I’ve been practicing building my concentration skills, reading amid three TVs going while simultaneously an internet radio music channel voiced over the whole thing against the peripatetic salon backdrop, and Nora’s book provides light reading for the practice. Listening to Nora’s lively, humorous conversation is a good place to start upgrading one’s concentration skills. She’s easy to listen to. You’d think she was right there sitting next to you, getting her own pedicure, while you chatted about both the juiciest and the most annoying stuff.

 Buy me a coffee . . .

Nora waxes nostalgic about the early days of email—Wow! I’ve got mail! It’s instant. An instant message!—a pleasant way to spend a few moments with a friend—to present day despairing of an overwhelming information glut warning you of the dangers of eating too many leafy green vegetables to offering you a way to extend your penis two inches, if you’ve got one, to letters from Carol Ling admonishing me that she hasn’t heard back from me regarding the resumé I sent her (she dreamed it) and that, consequently, I, the writer, am in jeopardy of losing my big chance to begin my bulldozer operator remote apprenticeship, for which I am a perfect match .

Nora continues . . . All writers have flops, you know, or what no one wants to publish—doesn’t quite fit—even though the writing excels. No writer wants to talk about these rejections. We’d rather shove them into a drawer and forget them. But, reshopped before the right editor, they may turn out to be extraordinary genius and the original rejecting editor has to eat her words. The movie Heartburn was such a flop at first, or so they thought, because an early critic panned it, and it sank. Nora blamed the casting; it couldn’t be her writing. A year later, another New York Times movie critic, Vincent Canby, wrote high praises about Heartburn and ultimately the movie was resurrected to great success. The casting was stellar.

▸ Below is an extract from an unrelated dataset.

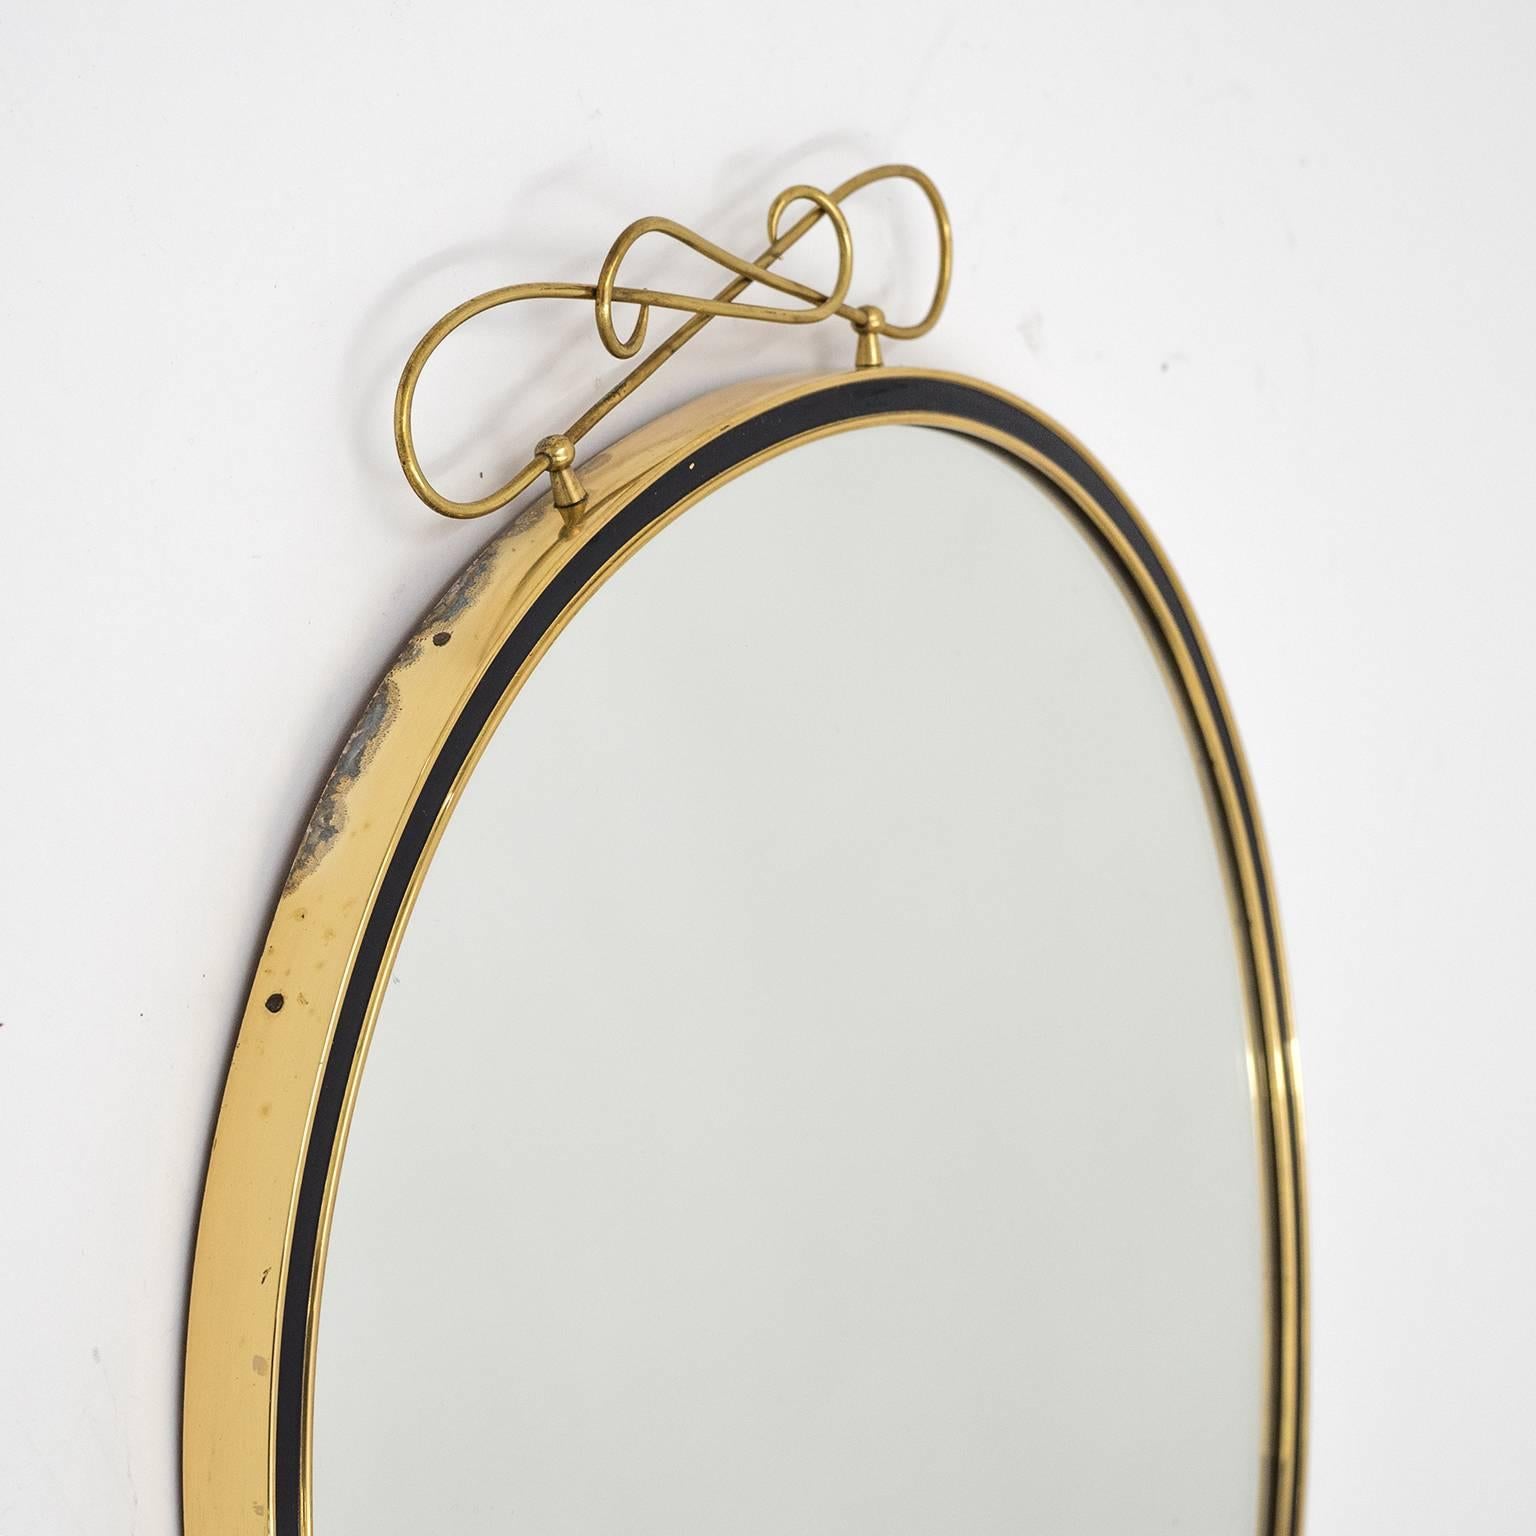 Oval Brass and Enameled Wall Mirror, 1950s (Deutsch)

Friends encourage me to submit my essays to literary magazines. I renege on their urging, though, because what are the odds my work would be chosen among the hundreds of submissions they receive each month; nevertheless, I decide to send my darling out into the world. What could it hurt? Like the first day of school: “Be sure and wear your sweater, honey, it’ll be OK.” Two or three months go by and I get a response: “We’re sorry, but your piece didn’t quite fit. Please don’t think it’s your writing; it’s just not a precise fit.” It’s like breaking up—“It’s not you; it’s me. . . .” All the editors are zillennials, well, most of them. What are the odds of my being a precise fit with zillennial mentality? I take heart in magazines rejecting F. Scott Fitzgerald’s short stories even after the success of The Great Gatsby. A story simply wasn’t a good fit, or in the case of “I’d Die for You,” too dark, or in a more well known case, The New Yorker rejecting “Thank You for the Light” in 1936 but then electing to publish it in 2012. During those times the stock market had crashed and nobody wanted to read about rich people and partying or stories about suicide. The writing was good, though. That these tales couldn’t find a market in their moment, according to The Guardian, is not necessarily because of aesthetic shortcomings.

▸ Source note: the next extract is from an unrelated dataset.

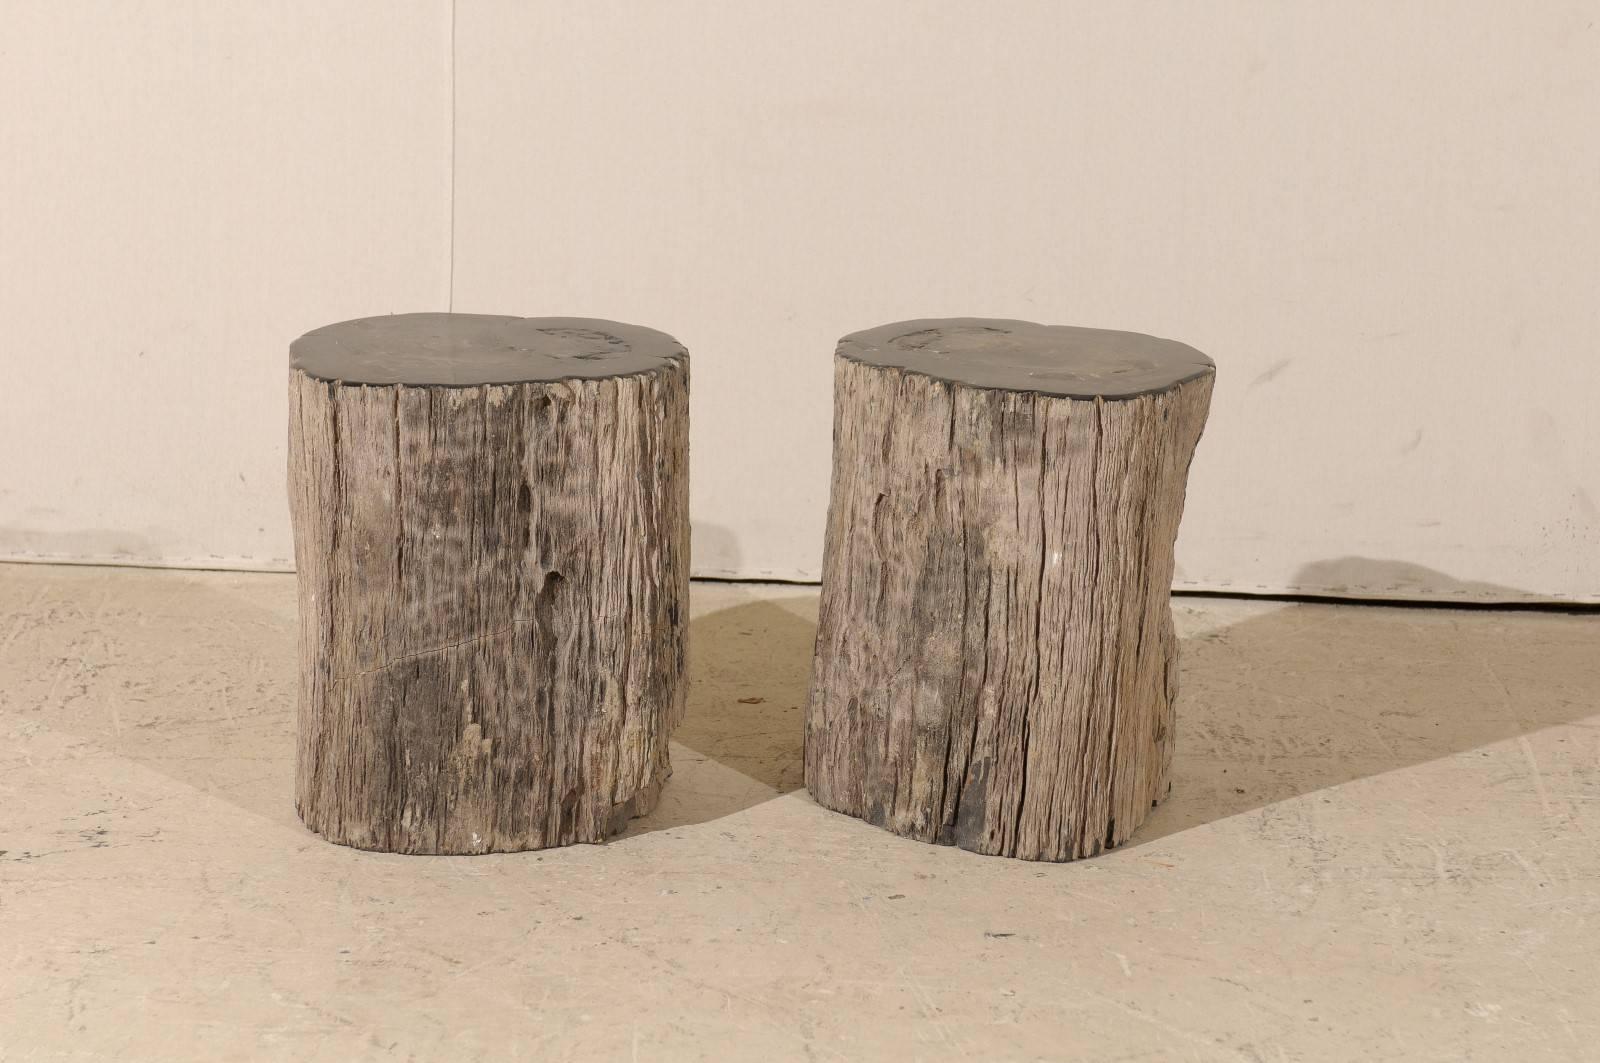 A pair of black color petrified wood drinks tables. This pair of petrified wood drinks table’s features a polished black top with rougher brown color sides. Petrified wood is a fossil. Over time, the petrified wood becomes so sturdy and dense that

Although Nora Ephron goes with me to the nail salon, I am also two-timing her with another author, reading a book chronicling the experiences of three Dubliners in a day, James Joyce’s Ulysses, I don’t think James Joyce would be the most delightfully companionable person to accompany me to the nail salon. Because, well, would he even like to get a pedicure…? It would be hard for me to keep up with him, his language as peripatetic as the salon’s comings and goings—two or three languages within one short sentence, correspondences to and allusions to Hamlet, human sexuality, Dante, Don Giovanni, Jesus, antisemitism, Irish nationalism, Catholicism. . . . Maybe a subject or two would waft into the occasional listener’s scent —Listen: a fourworded wavespeech: seesoo, hrss, rsseeiss, ooos. Vehement breath of waters amid seasnakes, rearing horses, rocks. In cups of rocks it slops: flop, slop, slap: bounded in barrels. And, spent, its speech ceases. It flows purling, widely flowing, floating foampool, flower unfurling.—*, they’d look up, tilt an ear (if they could hear over the stream of consciousness white noise of the salon), but soon they’d go back to their smartphone. So I left James Joyce at home. Besides, I walked to the salon, and 500 pages is weighty to carry. Another Nora, Nora Barnacle was James Joyce’s wife.

Nora Ephron and I were born in the same year. I want to tell her that the older I get the harder it is to open containers. I tried to open a pint carton of cream this morning to pour into my coffee. The carton came with a twist-off cap. It wouldn’t twist. Finally, I flattened the top of the carton so making a level surface and took a pair of scissors with serrated edges on the insides of the handles, made for just this twist-off purpose, and twisted. Voila! The cap unscrewed. I hadn’t anticipated the flip-top cap beneath, the kind with the loop that you pull. So often these loops snap off and then what do I do? I’ve had cans of tuna fish where I’ve encountered such tops. The loop snaps off and then I’m stuck with a can I can’t open and I want to make a tuna sandwich. I have to employ a can opener for a can not intended to be opened with a can opener and/or a knife, being careful not to gash a finger in the process. I recently bought a small jar of nutmeg and, try as I might, could not remove the twist-off cap. It just wouldn’t turn, not even with a wrench. Later, someone said, put a rubber band around it. That might have helped. This jar had a flip cap affixed to the top of the twist-off cap. So I raised the flip cap, took a fork and, through the sprinkle holes, poked holes in the sealing paper underneath the cap. That worked. I was able to pull the loop on the cream carton successfully without it snapping off. It only took me 20 minutes to pour a dollop of cream into my coffee. If you don’t hear from me for a while, it’s probably because I’m struggling to open a carton or a can or a jar of something somehow, somewhere.

Sometimes Nora Ephron goes with me to my doctor’s appointment. Another opportunity to practice my concentration. There’s a big TV on the wall, dialogue loud enough for hard-of-hearing seniors to get. Nora’s telling me about a Christmas party. Not a fan of daytime TV, I look up and note that Rachael Ray has put on a bit of weight. She might be making meatloaf. But, Nora’s telling me she and a group of friends got together every year for a potluck Christmas dinner. In advance they designated who was to bring the hors d’oeuvres, the desserts, who’s making the main course. Nora’s talking about food, so is Rachael Ray.

My friends and I used to get together for holiday parties. I lived in California, on the West Coast, and my family were all in Delaware, on the East Coast. So my friends and I became family. I loved hosting these dinner parties at my house: The kitchen had a spacious U-shaped counter and a luxurious six-burner stove with a double oven, so there was space for everyone to do what they needed to do to finish preparing or heat up their presentation. On the occasions we’d go to someone else’s house, my friend would drive me and as soon as we arrived, he’d make the grand announcement to the party, “I always love bringing Samantha to these events. She likes to eat.”